U.S. EPA Contaminated Site Cleanup Information (CLU-IN)

U.S. Environmental Protection Agency
U.S. EPA Technology Innovation and Field Services Division

Fractured Bedrock Project Profiles

Last Updated: January 1, 2011

Point of Contact:
Tim Gallagher
USEPA 1650 Arch Street
Mail Code: 3HS21
Philadelphia PA 19103-2029 
Tel: 215-814-3196 
Email: gallagher.tim@

Henderson Road
Upper Merion, PA


The Site subsurface is comprised of a
Karst limestone geologic formation and regional ground water flow is generally toward the Philadelphia Suburban Water Company Upper Merion Reservoir(UMR), which is north of the Site.

Targeted Environmental Media:
  • - Fractured Bedrock


The vertical extent of the plume is at least to 400 feet bgs. The lateral plume is a different shape for each flow zone. See 2008 five year review.

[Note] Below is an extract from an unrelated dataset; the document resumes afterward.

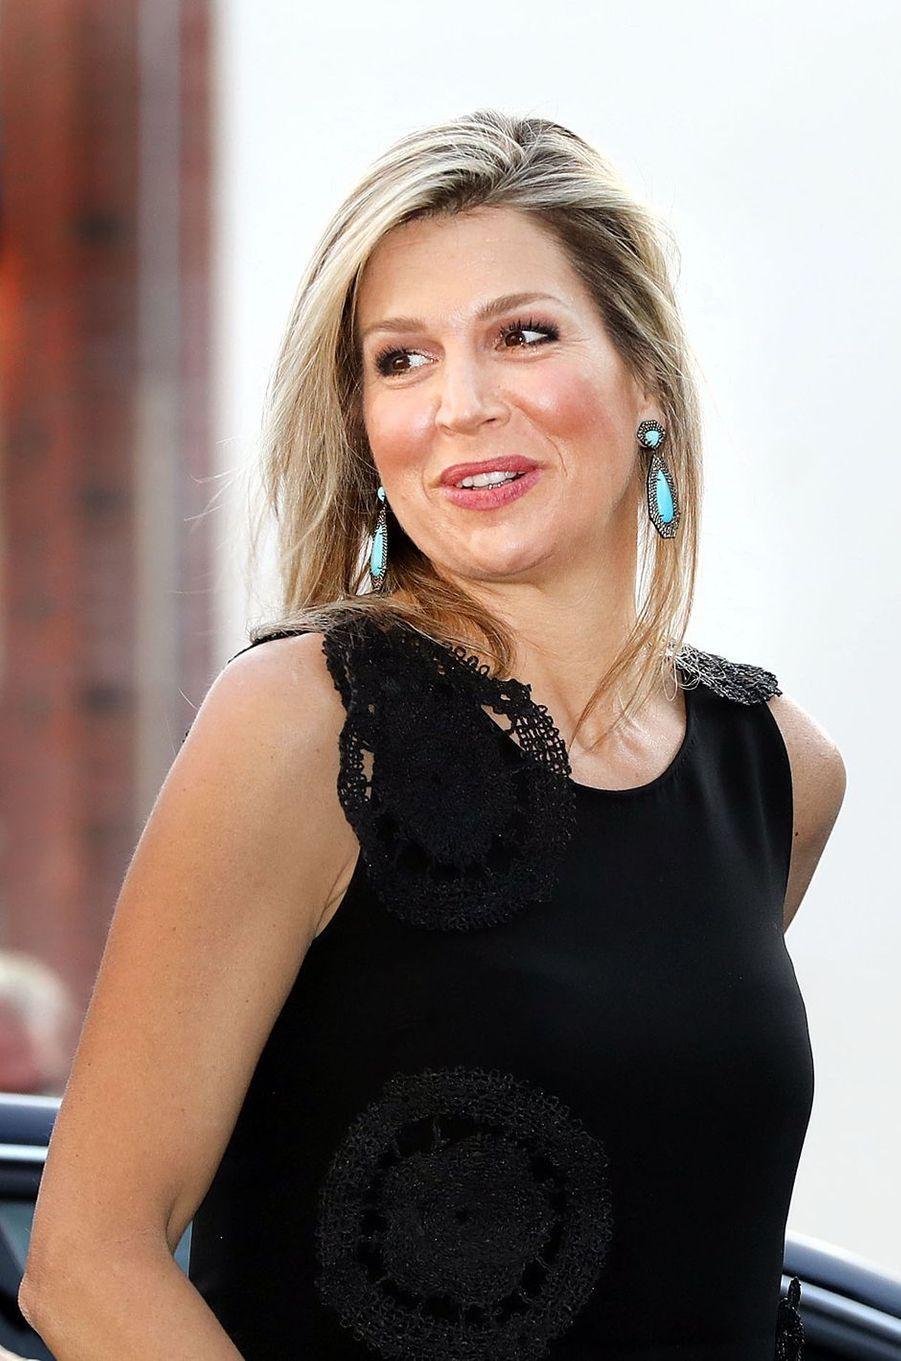 Les boucles d'oreille de la reine Maxima des Pays-Bas à Amsterdam, le 18 avril 2018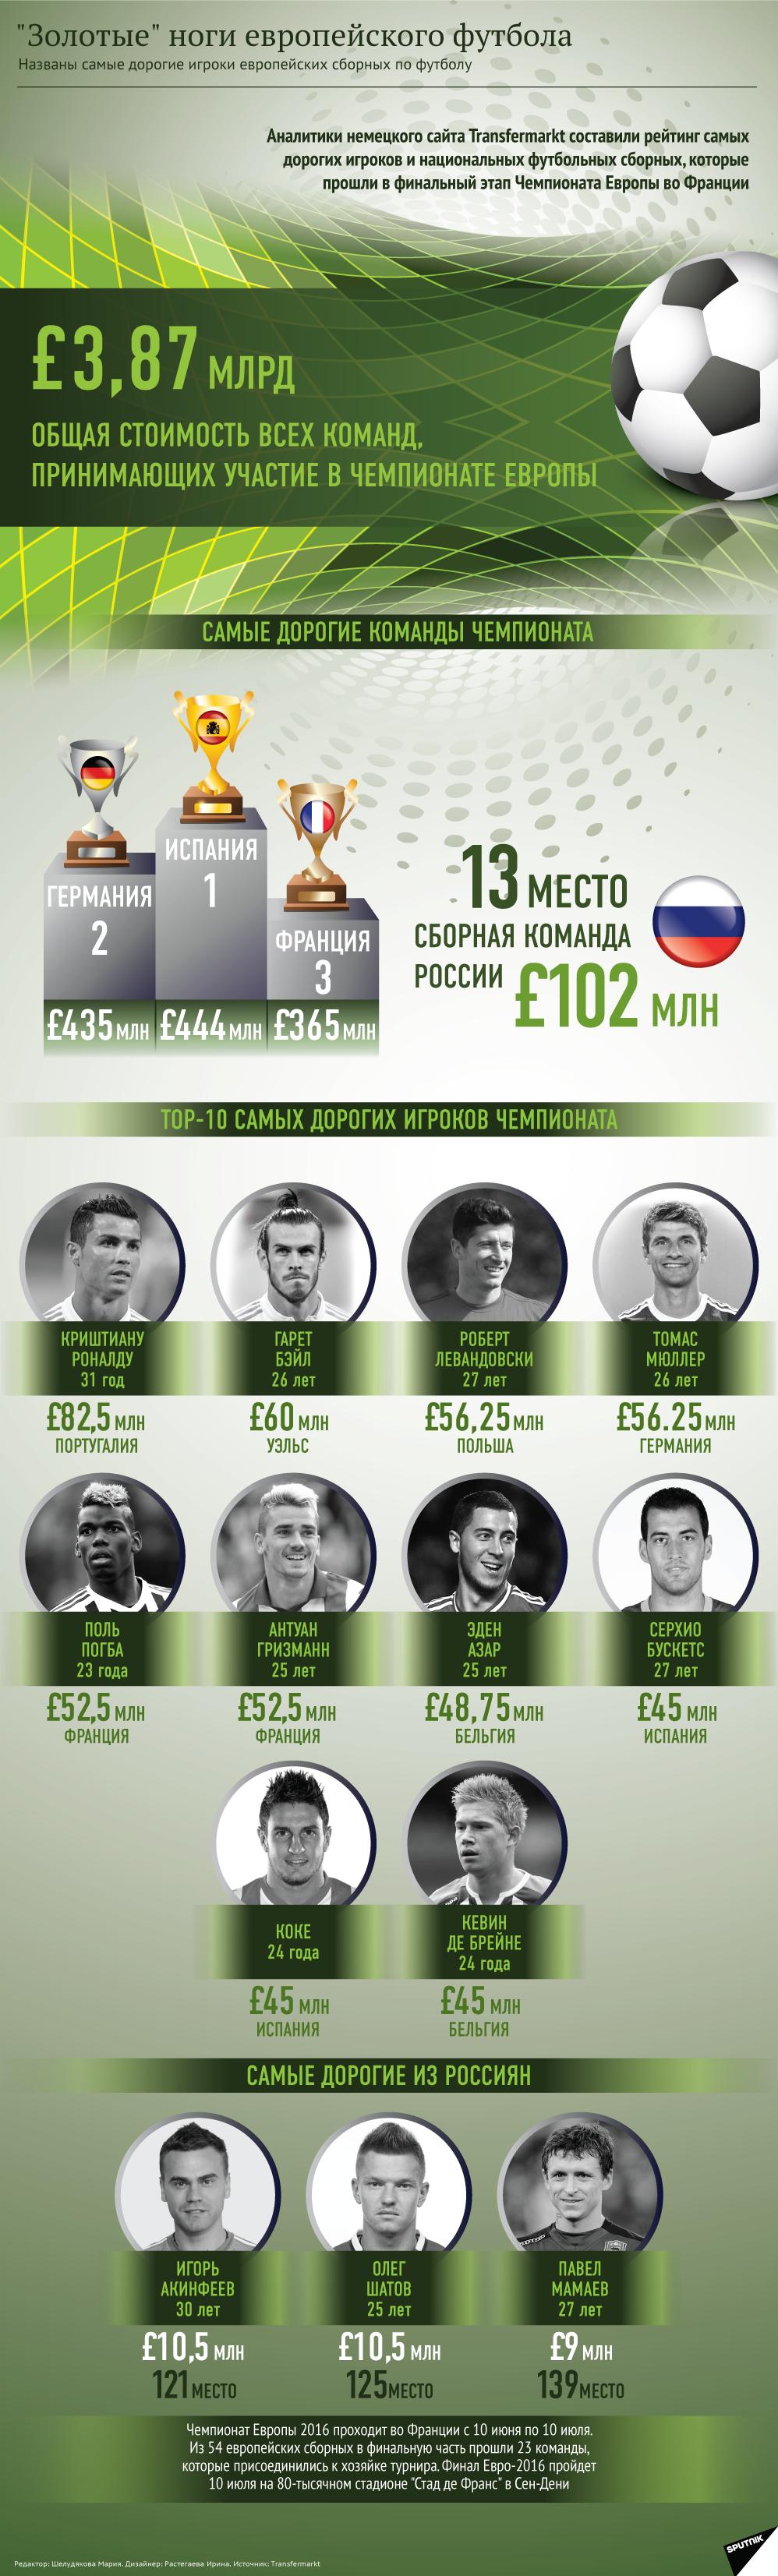 Самые дорогие футболисты на Евро-2016

Major Contaminants and Maximum Concentrations:
  • - Benzene (152 µg/L)
  • - Chloroform (30 µg/L)
  • - Ethylbenzene (53 µg/L)
  • - Tetrachloroethene (35 µg/L)
  • - Toluene (844 µg/L)
  • - Trichloroethene (14 µg/L)
  • - Trichlorofluoromethane (368 µg/L)

Site Characterization Technologies:

No technologies selected.

Remedial Technologies:

  • - Pump and Treat
In September 1991, the ground water treatment plant was constructed and began operation. The treatment plant utilizes bioremediation to reduce organic contaminant levels and carbon adsorption to remove any residual contaminants before discharge to an adjacent intermittent stream. A total of
seven ground water recovery wells pump contaminated ground water to the treatment plant. The pumping rate is 50 to 60 gpm total.

The system has been shut down for short periods to evaluate rebound.
Remediation Goals:

Cleanup criteria are based on the most conservative value from the following standards: MCLs, MCLGs, aquatic water quality criteria, drinking water equivalent levels, Suggested No Adverse Effect levels, Risk Assessment models, Superfund Public Health Evaluation Manual (SPHEM), and EPA accepted values where no other criteria exists (MCLs, where available, were used).


Since inception, over 280 million gallons of groundwater have been treated and approximately 2,500 pounds of contaminants have been removed. As of May 2010 EPA was evaluating a PRP proposal and the system was not operating.